# How to use iphone 3gs with mkV oem armrest adapter?



## saaber2 (Jul 15, 2008)

I have an 08 GTI with the 6 cd/mp3 and sat headunit. I have the ipod adapter in the center armrest.
The new 3gs iphone is too wide to fit into that center armrest adapter.
What is the best solution for iphone 3gs charging and playback?
Can I just widen the existing adapter with a dremel so a 3gs will fit?
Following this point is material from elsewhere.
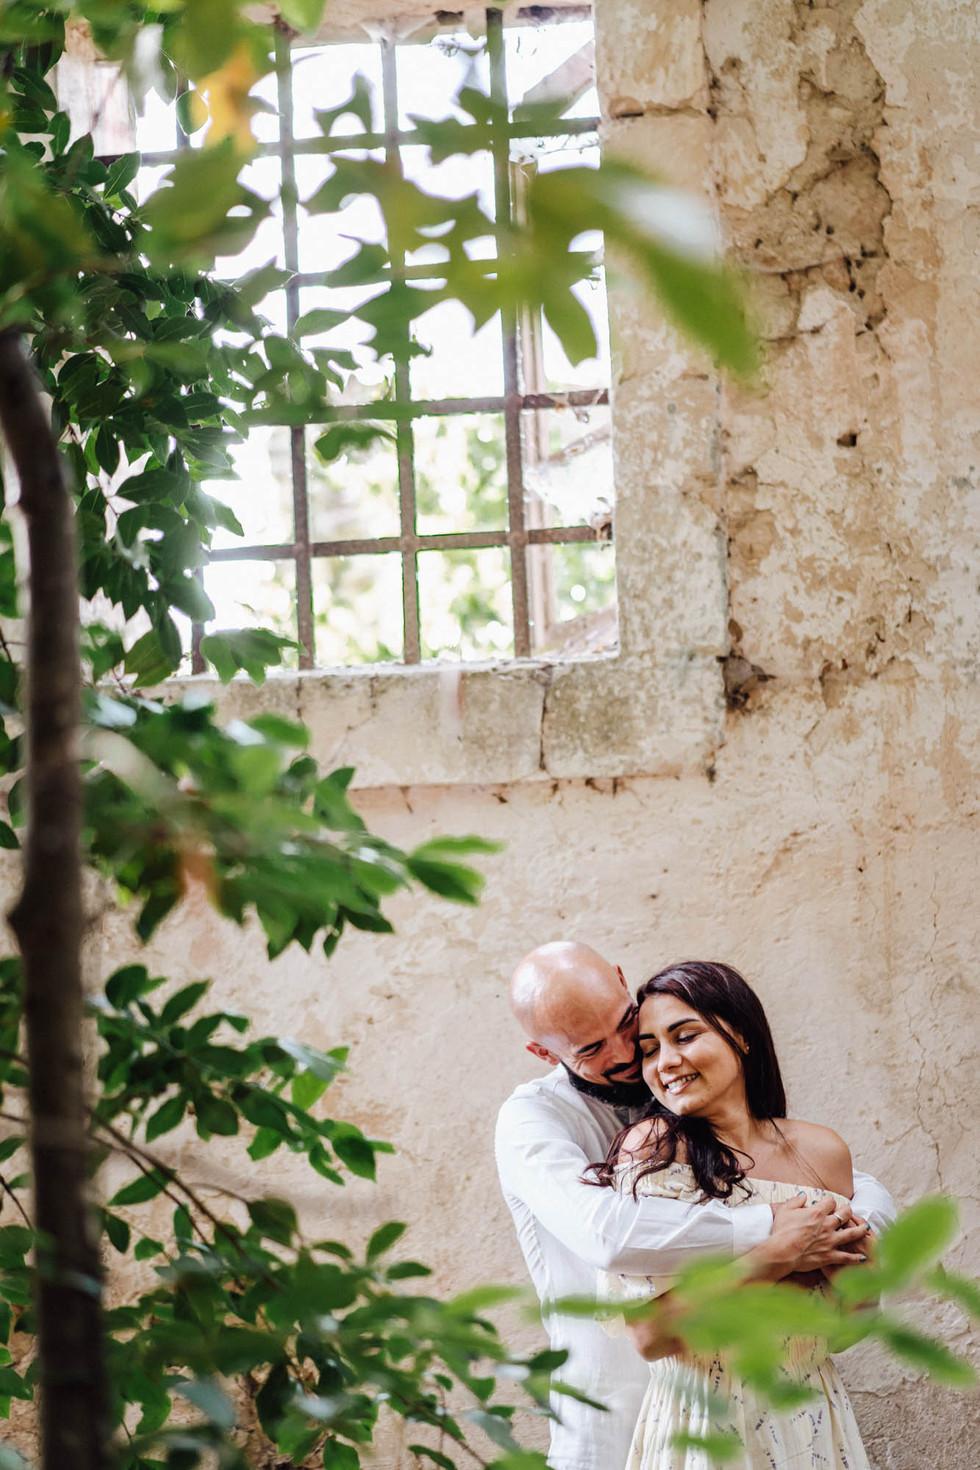 Foto di coppia in Sardegna _ Prematrimoniale romantico nel verde_31.jpg

Will it charge if I do that?
Thanks for any help.


----------



## BeanSauer (May 20, 2009)

*Re: How to use iphone 3gs with mkV oem armrest adapter? (saaber2)*

yeah im wondering the same thing with my rabbit.


----------



## BeanSauer (May 20, 2009)

anyone??


----------



## Stormtrooper23 (Jan 26, 2009)

Go to CableJive.com and you'll find some extensions cords. Make sure read the descriptions as each cord only works to perform a specific function.


----------



## BeanSauer (May 20, 2009)

are you sure it will work though? im thinking about buying the 2 foot dock extender cable


----------



## kate59588 (Apr 6, 2010)

*Re: How to use iphone 3gs with mkV oem armrest adapter? (saaber2)*

freeware: Videora iPhone 3G S Converter 
how to play mkv on iphone3GS,
http://www.pavtube.com/mkv-con....html


_Modified by kate59588 at 12:10 AM 4-6-2010_


----------



## mrniceguy301 (Sep 25, 2008)

*Re: How to use iphone 3gs with mkV oem armrest adapter? (saaber2)*

I have the exact same question w/ the exact same car n config... except i have an iPhone 3g...
what did you end up doing??


----------